$\def\op{\mathbin{\#}}\def\R{\mathbin R}$Original question:
A logical operation between two propositions $p$ and $q$ is denoted as $p\op q$. It is only true when $p$ is true and $q$ is false; otherwise it is false. Let $R$ be a relation on the set of ordered pairs of propositions, where $R$ is defined as follows:
$\bigl((a,b),(c,d)\bigr) ∈ R$, if and only if $(a \land b) \op (c \vee d)$ is true.
Is R an equivalence relation?
For symmetric, the rule is $∀a,b ∈ B$ s.t. $a\R b$, $b\R a$ is true.
But when I do the relation, do I bring the operator (i.e. $\land$ and $\lor$) over also?
For example:
1) $(a \land b) \op (c \lor d) \to (c \lor d) \op (a \land b)$
2) $(a \land b) \op (c \lor d) → (c \land d) \op (a \lor b)$
which is the correct way of representing?
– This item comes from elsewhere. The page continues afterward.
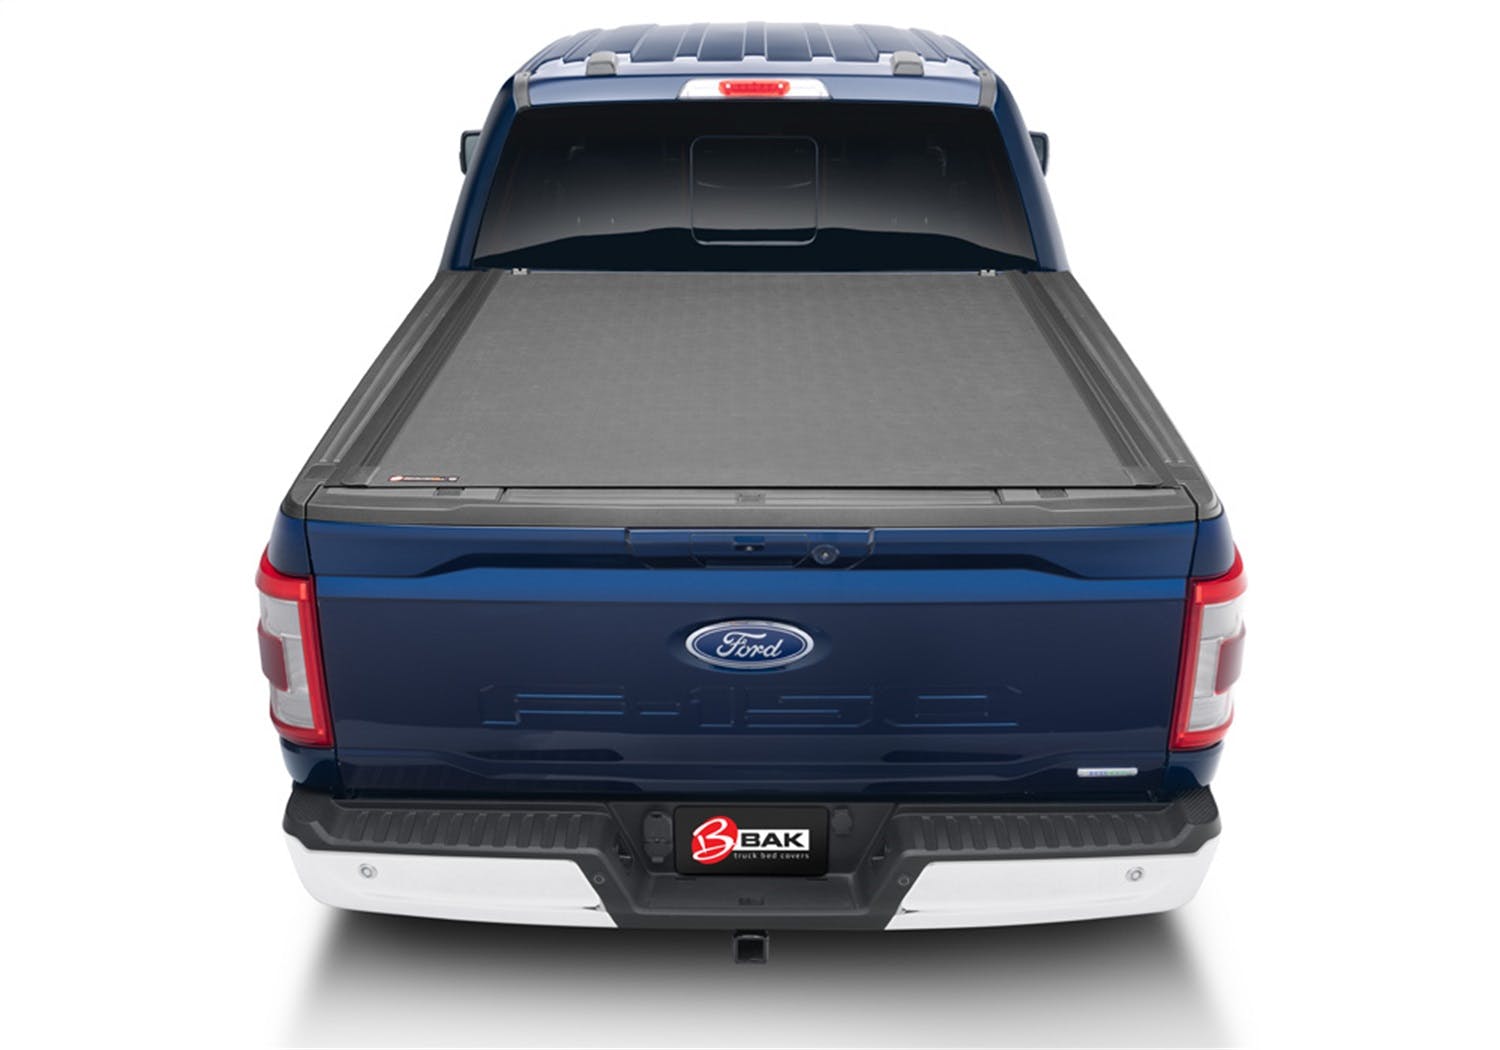 BAK Industries 80339 Revolver X4s Hard Rolling Truck Bed Cover

Here the elements of $B$ are ordered pairs of propositions.
So you must show that $R$ is symmetric, you need to show that $(2)$, as you've written, holds. That is, you need to show that $$\forall (a, b) \in B,\; [(a \land b) \op (c \lor d)] \rightarrow [(c \land d) \op (a \lor b)].$$
Whether your relation is symmetric or not depends on the set on which the relation is defined. If it is defined on the set of all ordered pairs of all propositions, e.g., $(a, b)$, where $a, b\, \in \{\text{All possible propositions}\}$, then you should be able to easily find a pair of propositions that provides a counterexample to symmetry.
Note: that to determine whether $R$ is an equivalence relation on the set $B$ of pairs $(x, y)$, you need to also need to determine whether the relation is reflexive and transitive, as well as symmetric:
Note that for $\op$, as defined, $(p \op q) \iff (p \land \lnot q) \iff \lnot(p\rightarrow q)$.